» Exercise description
Going down the data below, set down exactly the line with "TankerTrackers says third" and each line after it through the line with "There’s no shortage"; no other lines.
(Supplied material Opens)
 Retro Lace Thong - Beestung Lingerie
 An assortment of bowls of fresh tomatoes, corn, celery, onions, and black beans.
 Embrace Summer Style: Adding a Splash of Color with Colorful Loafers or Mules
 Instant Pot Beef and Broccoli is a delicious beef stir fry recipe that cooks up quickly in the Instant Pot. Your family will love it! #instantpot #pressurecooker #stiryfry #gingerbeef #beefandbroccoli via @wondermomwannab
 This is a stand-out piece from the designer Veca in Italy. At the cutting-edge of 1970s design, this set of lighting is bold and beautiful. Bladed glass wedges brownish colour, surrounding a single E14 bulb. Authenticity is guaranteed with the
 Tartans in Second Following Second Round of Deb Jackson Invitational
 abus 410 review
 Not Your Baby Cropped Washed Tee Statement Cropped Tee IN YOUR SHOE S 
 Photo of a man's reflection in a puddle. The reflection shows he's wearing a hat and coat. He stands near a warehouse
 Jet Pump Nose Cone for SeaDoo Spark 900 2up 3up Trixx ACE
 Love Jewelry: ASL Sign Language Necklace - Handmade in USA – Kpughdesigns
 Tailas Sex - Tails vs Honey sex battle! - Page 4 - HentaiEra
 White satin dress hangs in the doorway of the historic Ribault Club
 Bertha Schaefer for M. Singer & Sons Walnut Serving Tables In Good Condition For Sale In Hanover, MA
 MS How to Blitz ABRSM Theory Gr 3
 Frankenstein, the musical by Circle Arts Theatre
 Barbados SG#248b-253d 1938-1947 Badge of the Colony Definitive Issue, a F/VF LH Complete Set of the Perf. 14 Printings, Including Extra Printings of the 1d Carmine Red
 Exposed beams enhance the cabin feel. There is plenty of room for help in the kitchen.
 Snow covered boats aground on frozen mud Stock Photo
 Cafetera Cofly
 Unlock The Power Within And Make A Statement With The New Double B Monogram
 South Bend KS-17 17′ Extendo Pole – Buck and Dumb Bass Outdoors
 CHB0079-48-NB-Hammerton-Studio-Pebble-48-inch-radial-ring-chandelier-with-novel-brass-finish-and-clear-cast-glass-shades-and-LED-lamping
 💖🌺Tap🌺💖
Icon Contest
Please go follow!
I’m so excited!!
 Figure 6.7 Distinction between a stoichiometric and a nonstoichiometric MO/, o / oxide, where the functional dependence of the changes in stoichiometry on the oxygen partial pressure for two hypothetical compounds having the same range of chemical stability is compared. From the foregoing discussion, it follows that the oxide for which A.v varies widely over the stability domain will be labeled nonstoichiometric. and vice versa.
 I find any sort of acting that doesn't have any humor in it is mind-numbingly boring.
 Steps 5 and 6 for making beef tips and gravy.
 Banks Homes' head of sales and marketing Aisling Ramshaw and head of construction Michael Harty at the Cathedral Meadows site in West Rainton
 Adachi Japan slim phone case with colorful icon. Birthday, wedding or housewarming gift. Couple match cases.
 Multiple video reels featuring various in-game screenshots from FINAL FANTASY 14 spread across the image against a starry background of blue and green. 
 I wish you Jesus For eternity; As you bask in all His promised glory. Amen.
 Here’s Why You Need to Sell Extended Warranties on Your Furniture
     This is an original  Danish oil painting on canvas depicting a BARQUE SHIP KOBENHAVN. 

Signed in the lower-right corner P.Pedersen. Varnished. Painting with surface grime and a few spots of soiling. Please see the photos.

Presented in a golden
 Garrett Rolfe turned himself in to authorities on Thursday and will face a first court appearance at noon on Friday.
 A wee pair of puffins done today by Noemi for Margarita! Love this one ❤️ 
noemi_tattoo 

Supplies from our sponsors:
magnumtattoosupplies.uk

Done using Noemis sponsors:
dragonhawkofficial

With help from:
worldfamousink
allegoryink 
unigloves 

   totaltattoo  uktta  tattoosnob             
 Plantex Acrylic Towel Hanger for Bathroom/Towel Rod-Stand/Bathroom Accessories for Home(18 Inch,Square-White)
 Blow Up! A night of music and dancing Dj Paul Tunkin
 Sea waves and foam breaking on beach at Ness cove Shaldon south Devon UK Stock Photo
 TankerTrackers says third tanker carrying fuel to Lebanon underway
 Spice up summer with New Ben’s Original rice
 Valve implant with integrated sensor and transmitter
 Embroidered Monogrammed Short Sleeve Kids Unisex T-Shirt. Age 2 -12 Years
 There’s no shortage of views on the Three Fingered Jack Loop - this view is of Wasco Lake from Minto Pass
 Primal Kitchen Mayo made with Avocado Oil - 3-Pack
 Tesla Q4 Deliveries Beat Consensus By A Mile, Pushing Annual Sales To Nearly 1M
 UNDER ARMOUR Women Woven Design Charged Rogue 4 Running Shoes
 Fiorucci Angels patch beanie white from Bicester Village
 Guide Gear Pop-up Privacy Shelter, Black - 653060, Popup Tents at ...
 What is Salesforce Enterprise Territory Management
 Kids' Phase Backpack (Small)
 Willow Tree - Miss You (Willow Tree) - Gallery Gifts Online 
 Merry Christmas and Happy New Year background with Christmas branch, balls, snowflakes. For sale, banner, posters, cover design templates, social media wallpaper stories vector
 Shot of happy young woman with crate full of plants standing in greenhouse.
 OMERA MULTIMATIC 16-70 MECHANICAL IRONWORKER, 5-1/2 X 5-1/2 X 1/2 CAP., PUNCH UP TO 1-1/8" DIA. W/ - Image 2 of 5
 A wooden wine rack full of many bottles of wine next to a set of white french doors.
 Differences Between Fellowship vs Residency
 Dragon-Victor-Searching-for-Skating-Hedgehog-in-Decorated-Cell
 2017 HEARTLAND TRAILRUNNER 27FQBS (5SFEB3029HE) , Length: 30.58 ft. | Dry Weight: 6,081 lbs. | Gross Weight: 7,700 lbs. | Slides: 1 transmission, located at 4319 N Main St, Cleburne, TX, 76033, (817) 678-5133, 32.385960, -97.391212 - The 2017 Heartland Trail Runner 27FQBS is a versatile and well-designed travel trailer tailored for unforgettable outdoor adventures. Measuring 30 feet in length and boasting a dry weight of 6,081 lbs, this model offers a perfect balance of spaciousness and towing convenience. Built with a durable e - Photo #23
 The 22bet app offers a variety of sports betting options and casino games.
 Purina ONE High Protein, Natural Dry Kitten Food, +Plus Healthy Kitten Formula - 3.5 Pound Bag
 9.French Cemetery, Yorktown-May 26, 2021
(Supplied material Closes)
» Reply to the task
 TankerTrackers says third tanker carrying fuel to Lebanon underway
 Spice up summer with New Ben’s Original rice
 Valve implant with integrated sensor and transmitter
 Embroidered Monogrammed Short Sleeve Kids Unisex T-Shirt. Age 2 -12 Years
 There’s no shortage of views on the Three Fingered Jack Loop - this view is of Wasco Lake from Minto Pass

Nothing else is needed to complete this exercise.